We cannot lay on God the conditions that humanity created. But we can look to God to find the solution. The powerful, hopeful, world-changing good news that comes from having a God who is too big for our dualistic mindsets is that God created us to be free from them too. God did not create us good or evil, saint or sinner. Instead we are, as our Lutheran theology reminds us, one-hundred percent of both, all of the time. And when we are able to recognize that. When we are able to not look to the mistakes of others, but to see ourselves for who we truly are, capable of tremendous acts of evil but also incredible acts of goodness, that is when we find ourselves empowered to do amazing things.
In our first reading today, Isaiah found himself, in the year that King Uzziah died, standing before the throne of God. Under Uzziah, the kingdom of Judah reached heights of economic prosperity it hadn’t seen before. But that wealth was not evenly distributed, cracks began to form in the society, and eventually Uzziah’s arrogance led to Judah’s decline and destruction at the hands of the Assyrians. Isaiah’s prophetic call was to point out these cracks to the Judean leadership, to make them aware of their failings in hopes that they might turn from their wicked ways and be different. But before Isaiah could prophesy—could bear witness—to this sin, he first had to see it.
So Isaiah found himself standing in the throne room of God, with the whole of God’s goodness and majesty stretched out before him, serenaded by seraphs singing God’s praises, “Holy, holy, holy is the Lord of hosts; the whole earth is full of God’s glory.” When Isaiah looked upon the glory of God, he knew. “Woe is me,” Isaiah proclaimed. “I am lost, for I am a man of unclean lips, and I live among a people of unclean lips.” Isaiah recognized and confessed his own brokenness and the brokenness of his people. And with that, one of the seraphs touched a burning coal to his lips and he was forgiven.

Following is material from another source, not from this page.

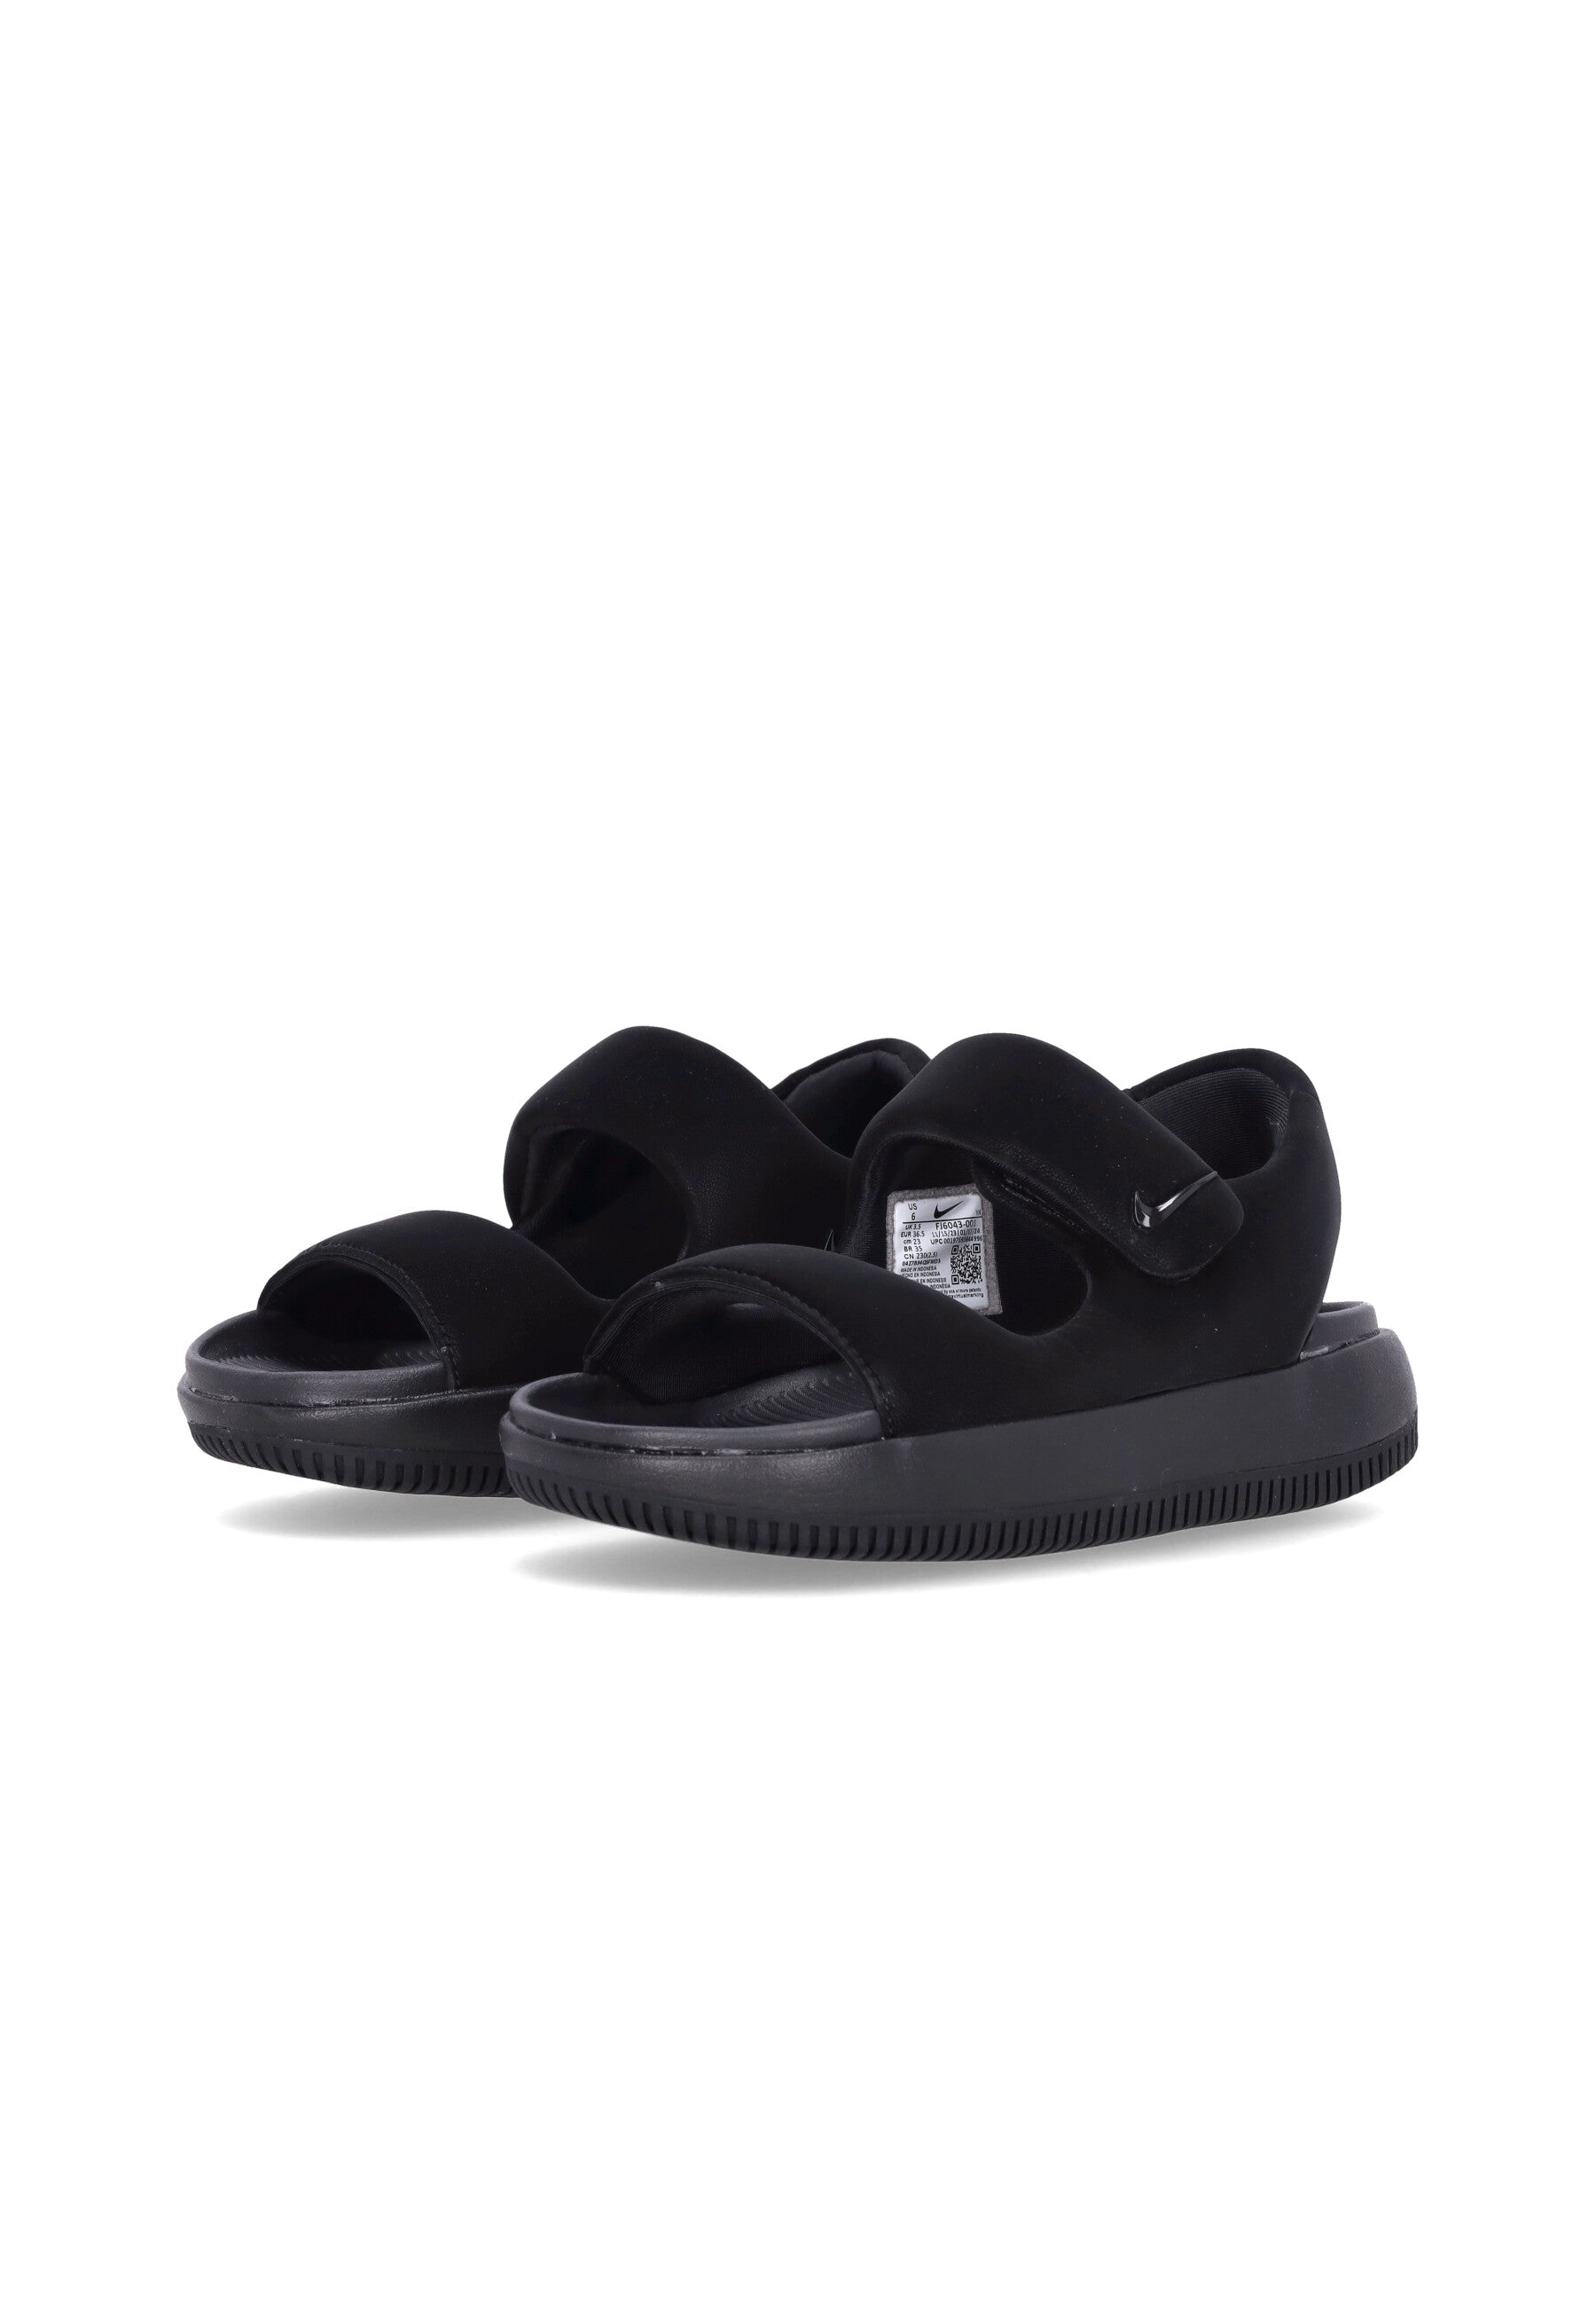 Sandalo Donna W Calm Sandal Black/black/black FJ6043-001
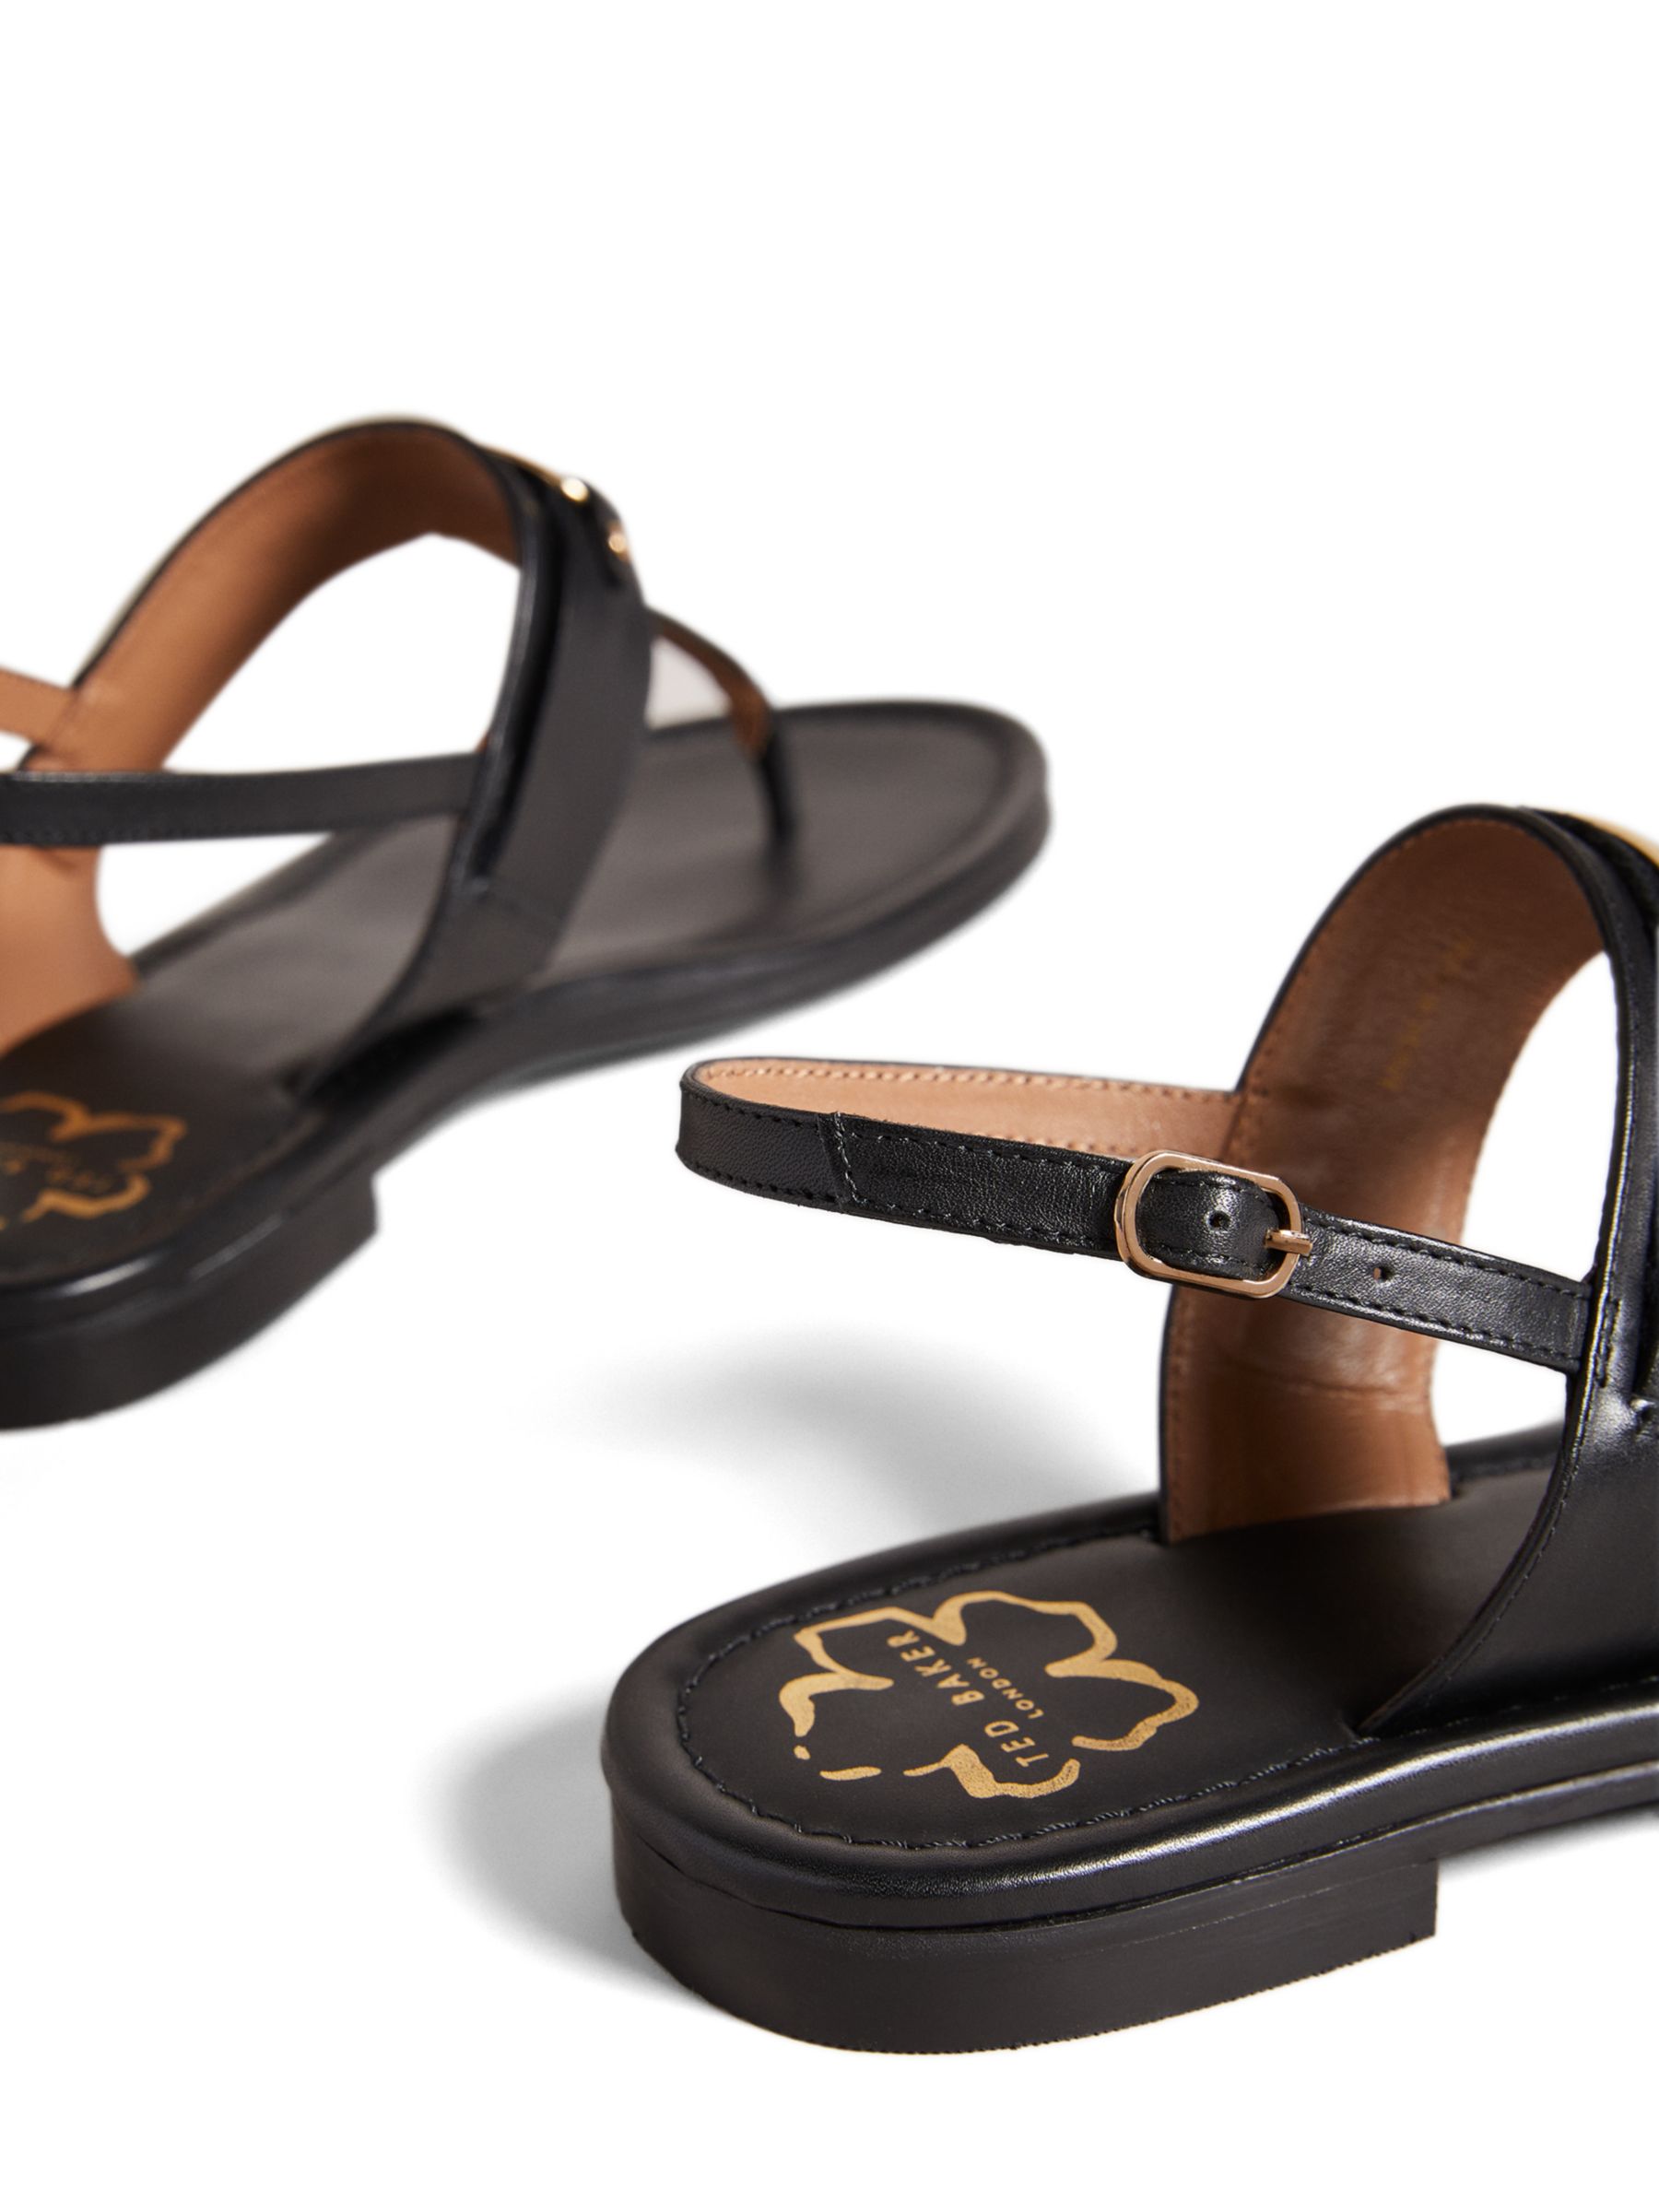 Ted Baker Jazmiah Leather Flat Sandals, Black at John Lewis & Partners

Then the voice of God said to Isaiah, “Whom shall I send, and who will go for us?” A rhetorical question if there ever was one, who will be the one to go out to Judah to offer the same revelation of truth that Isaiah himself just had, so that the rulers of the nation could know their need for healing and be healed? Who will be the one to bring God’s promised redemption to the world, to help a nation turn from their wicked ways and be set free? And Isaiah said, if it were me with a bit of a quaver in his voice, “Here am I; send me.”
It is not comfortable, it is not easy, to look around a broken world and see the ways in which we are culpable in that brokenness. To see how our sin, our greed, our pride or self-absorption, or even misguided ignorance, has caused the suffering of others. But here’s the thing, there is power and hope and healing in the recognizing. Because when we know, when we are made aware, then we too, like Isaiah, get to be prophets of redemption. We get to be the ones who get to make changes, who get to be God’s messengers, who get to lift up the lowly, bring down the mighty, and bring God’s kingdom into being. What a privilege, what a gift, what an incredible honor we have, to be the ones who get to say, “Here am I; send me.” Amen.